Converter Process Parameters Selection

Based on the actual production data collected at the mill, the total converter production data about 1 year was sorted out. The data parameter is shown in Table 1, which mainly includes the raw material condition, the process operation parameter, and the end-point target. Among them, the end-point temperature and carbon content are the target variables, and the steel scrap addition, the hot metal condition, and the smelt cycle, etc., are processing operation parameters. This paper intends to divide the ideal target interval reasonably based on the actual requirements of steel production, and according to the ideal target interval, we utilize the chi-square box method and logistic regression algorithm to construct the converter evaluation model with nonlinear evaluation function, so as to guide the converter actual production and realize the narrow window control of the end-point.

Table 1 Relative parameters of converter production

Full size table

Figure 1 is the frequency distribution histogram of the end-point temperature and carbon content. It can be seen that the overall distribution of the end-point carbon content and temperature are approximately normal distribution. If the range of ideal target interval is too large, the constructed evaluation model will bring lower evaluation efficiency; if the range of ideal target interval is too narrow, the constructed evaluation model will be too harsh.

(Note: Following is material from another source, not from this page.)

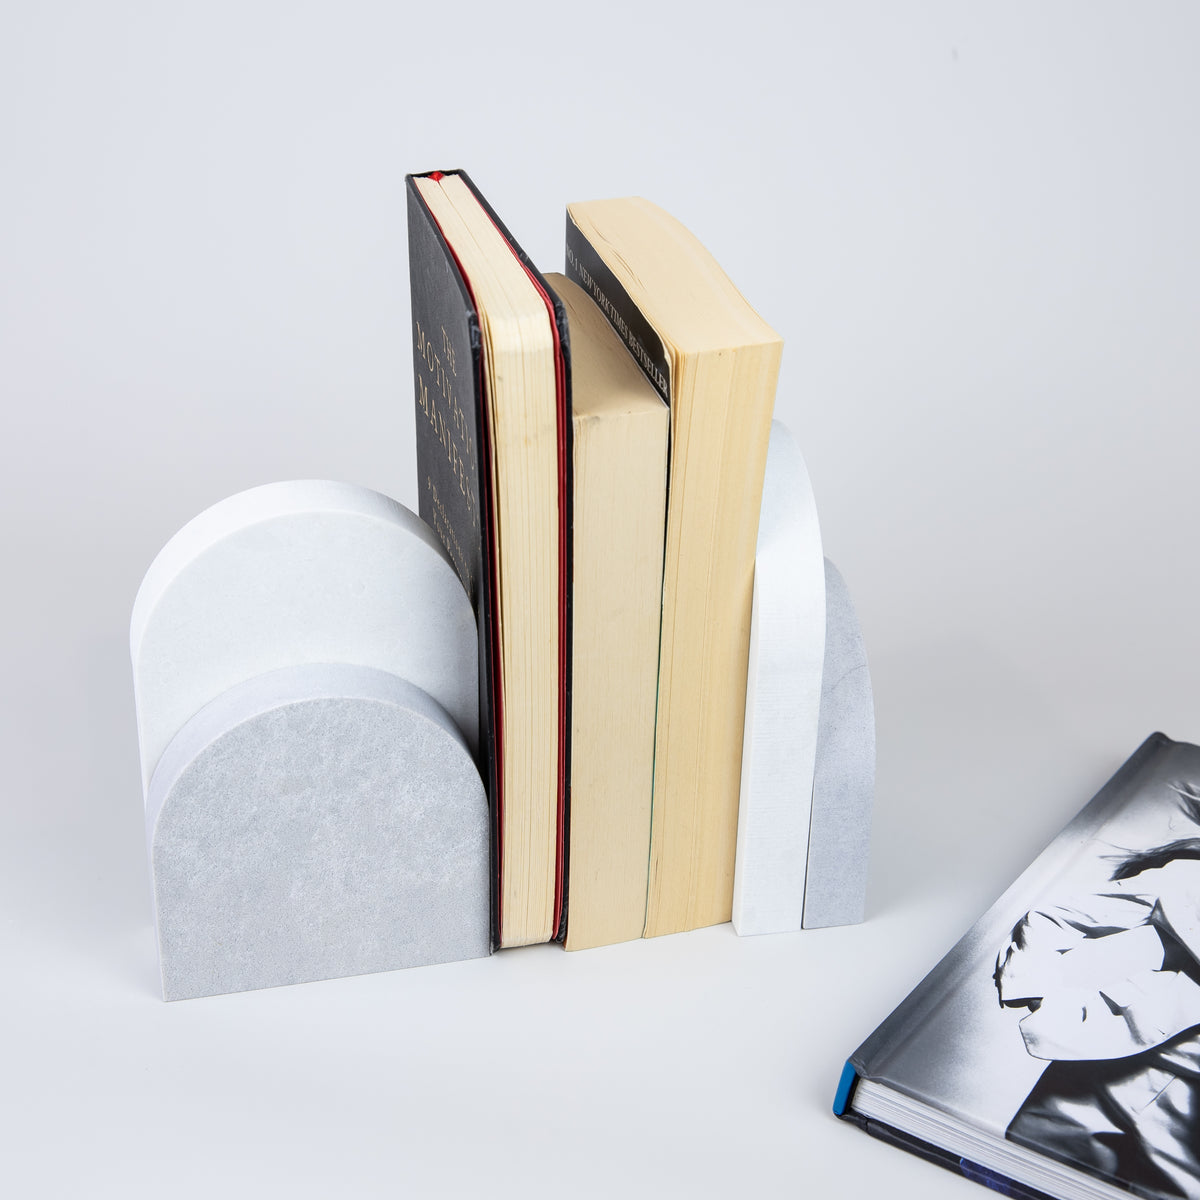 Quartz Bookend Set is 4cm thick. Styled with books. Available in Airy Concrete partnered with Organic White by Caesarstone the feel of concrete in full movement, meets a clean white surface with subtly blended undertones, reflecting a natural appearance that is effortlessly chic. The perfect addition to your home decor, similar to marble bookends.

Therefore, dividing the ideal target interval range should consider the above two aspects comprehensively.

Considered with the requirement of the low carbon steel Q235B, the ideal target interval was reasonably divided. The ideal target interval of the end-point carbon content is 0.02–0.05%. In order to satisfy the temperature of the refining process, the ideal target interval of the end-point temperature is 1660–1680 °C. According to the selected ideal target interval, the actual converter production data of the end-point carbon content and temperature are re-divided and classified. The data which is in the ideal target interval is classified as Class I, being seen as ideal data, and the data which is not in the ideal target interval is classified as Class II, being seen as non-ideal data.

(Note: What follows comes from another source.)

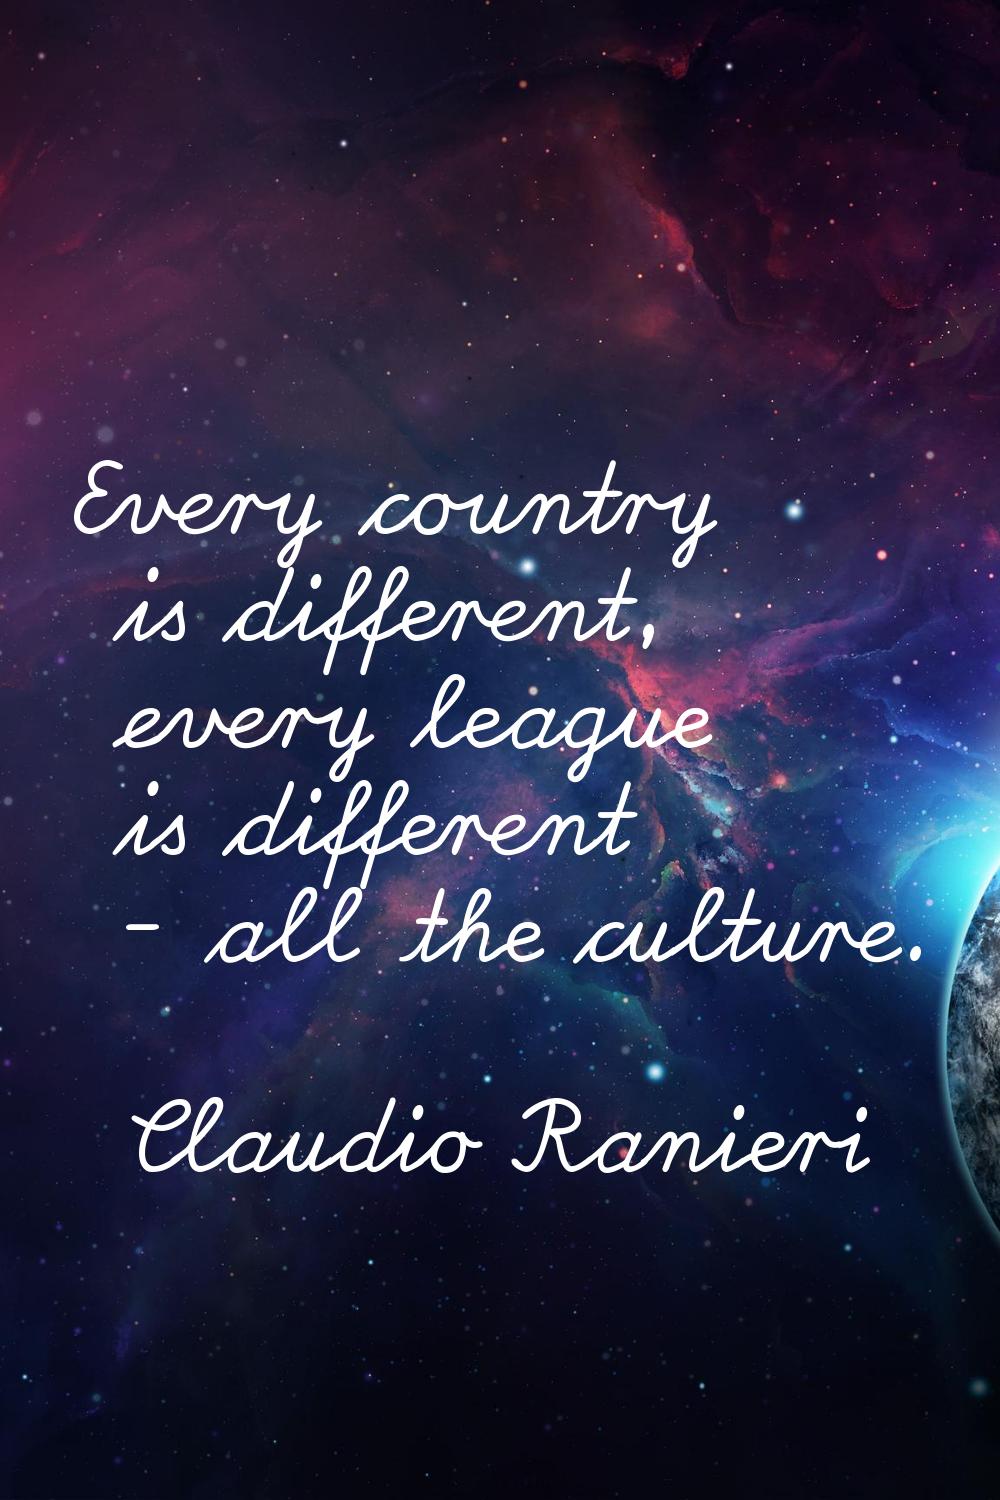 Every country is different, every league is different - all the culture.

Evaluation Model Construction

For converter steel production, there are many process parameters affecting the end-point carbon content and temperature, mainly including the hot metal conditions and the operating conditions. Figure 2 shows the Pearson correlation coefficient between the process parameters of the steelworks and the end-point target. It can be seen that there is no significant linear correlation between all process factors and the end-point temperature or carbon content, which undoubtedly increases the difficulty of the precise control in the converter operation to achieve the ideal end-point temperature and carbon content.

With rapid development of big data, the analysis thing mode has changed from the causal relationship model to the correlation relationship model [8]. With the help of a big data model, the relevant factors affecting converter production can be found. By collecting the actual production data of the converter steel plant, based on the big data technology, the potential law among the parameters of hot metal, operating parameters, and smelting cycle is deeply excavated, and the narrow window precise control of the converter end-point temperature and carbon content can be realized.

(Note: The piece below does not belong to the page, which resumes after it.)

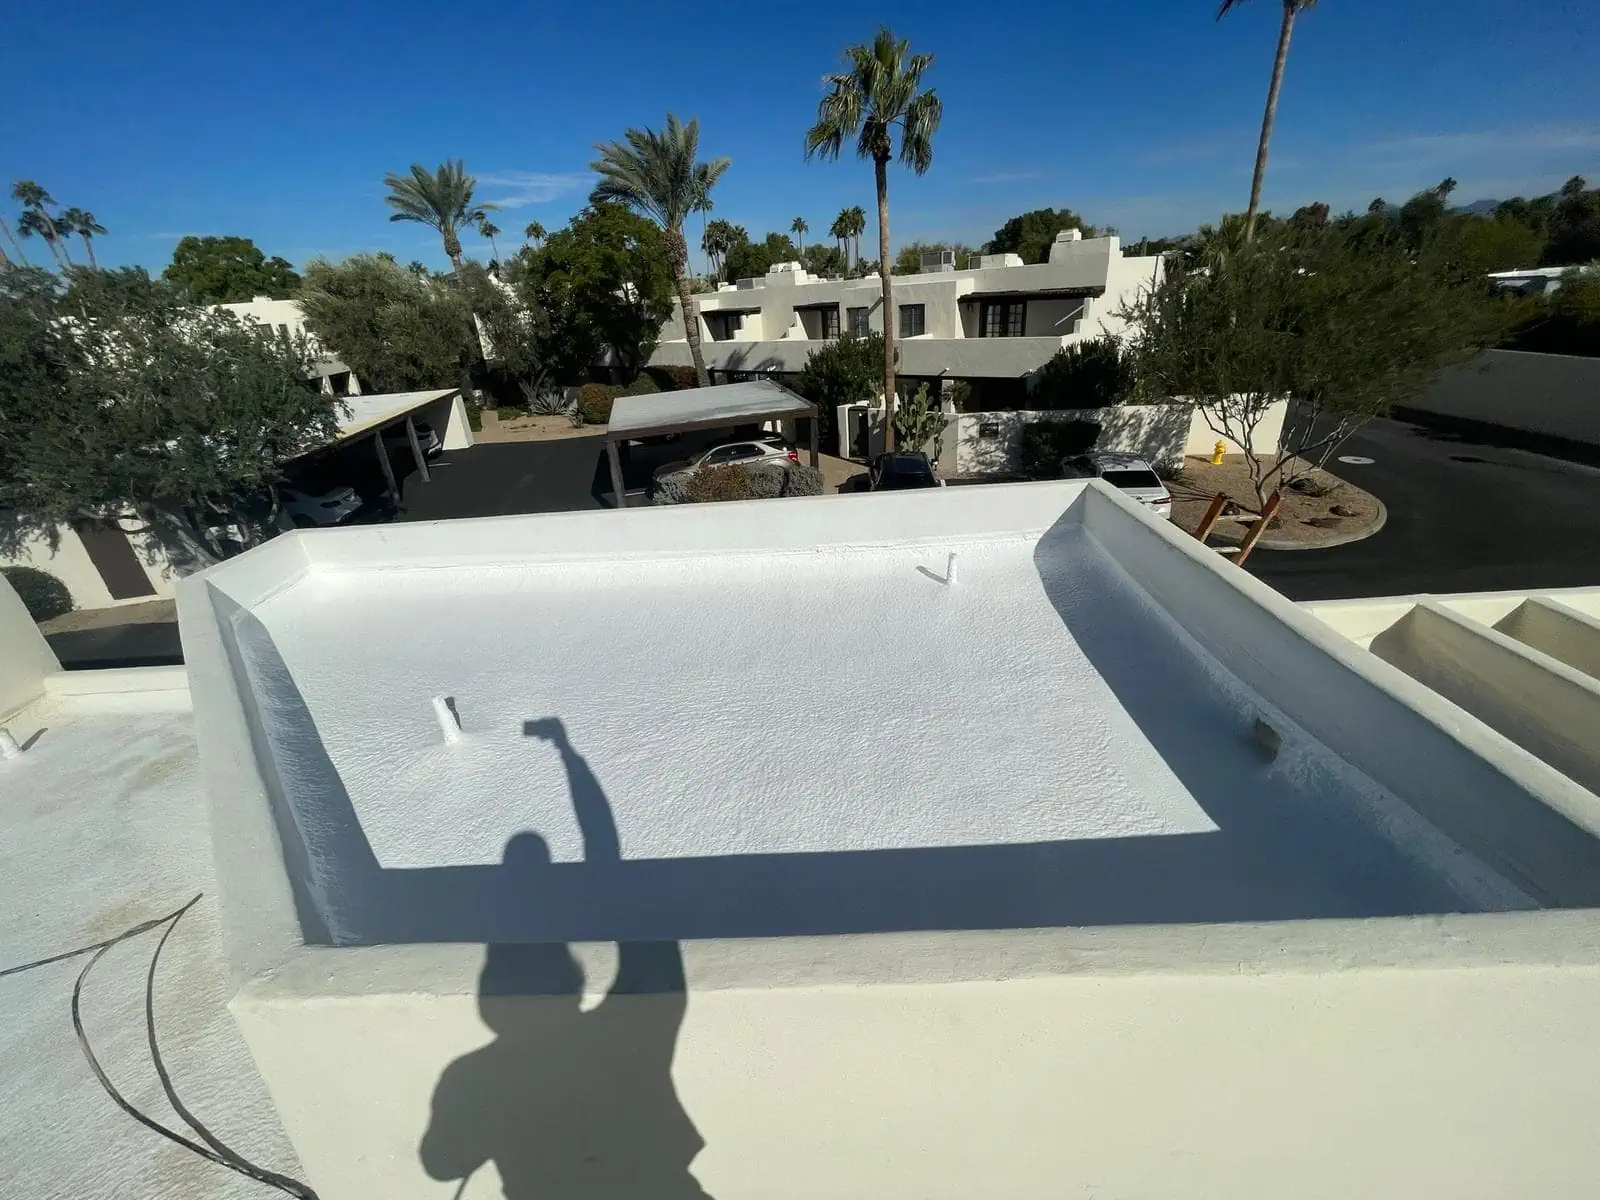 foam roof by paradise valley contractor

Establishment of the Chi-Square Boxing Method Model

The chi-square box method is an applying statistical model. By statistical analysis of existing data, the degree of influence for the variable on the target can be evaluated [9, 10]. The chi-square box method is used to group the converter production parameter, then the mass production data is summarized and analyzed, which is a benefit to analyze the relationship between the converter process factors and the end-point target.

The algorithm flow of the chi-square box method is (i) sorting every parameters from low to high; (ii) treating the data with the same value as the same interval; (iii) using Eqs. (1) and (2) to calculate the chi-square value of each interval; (iv) compare the chi-square values of adjacent intervals, and merge the similar value intervals that don’t exceed the chi-square threshold, then repeat steps (i)–(iii) until the proper number of bins.

$$ E_{\text{j}} = N_{\text{i}} \times C_{\text{j}} $$

(1)

$$ X^{ 2} = \sum\limits_{{{\text{j}} = 1}}^{2} {\frac{{\left( {A_{\text{j}} - E_{\text{j}} } \right)^{2} }}{{E_{\text{j}} }}} $$

(2)

where A_j is the number of instances of class j in each interval; E_j is the expected frequency number of A_j; N_i is the total number of each group; C_j is the total number of samples in each group of j samples.

The purpose of the chi-square box method is to discretize the continuous data, which is convenient for further data analysis. Through the chi-square box method, every parameter will be divide to a certain number interval, and to every interval, its target distribution will be maximized differently, so that each interval represents a specific operation. By analyzing the importance of each interval, we can evaluate the impact of different converter process parameters on the end-point target.

The importance of each interval is determined by the WOE value. The WOE value of each interval represents its effect on the end-point target. A positive WOE value indicates that the interval has a good effect on the end-point target, and a negative WOE value indicates a bad impact on the end-point target. The larger the absolute value of WOE, the greater is the impact on the end-point target. The calculation of the WOE value is as shown in the Eq. (3).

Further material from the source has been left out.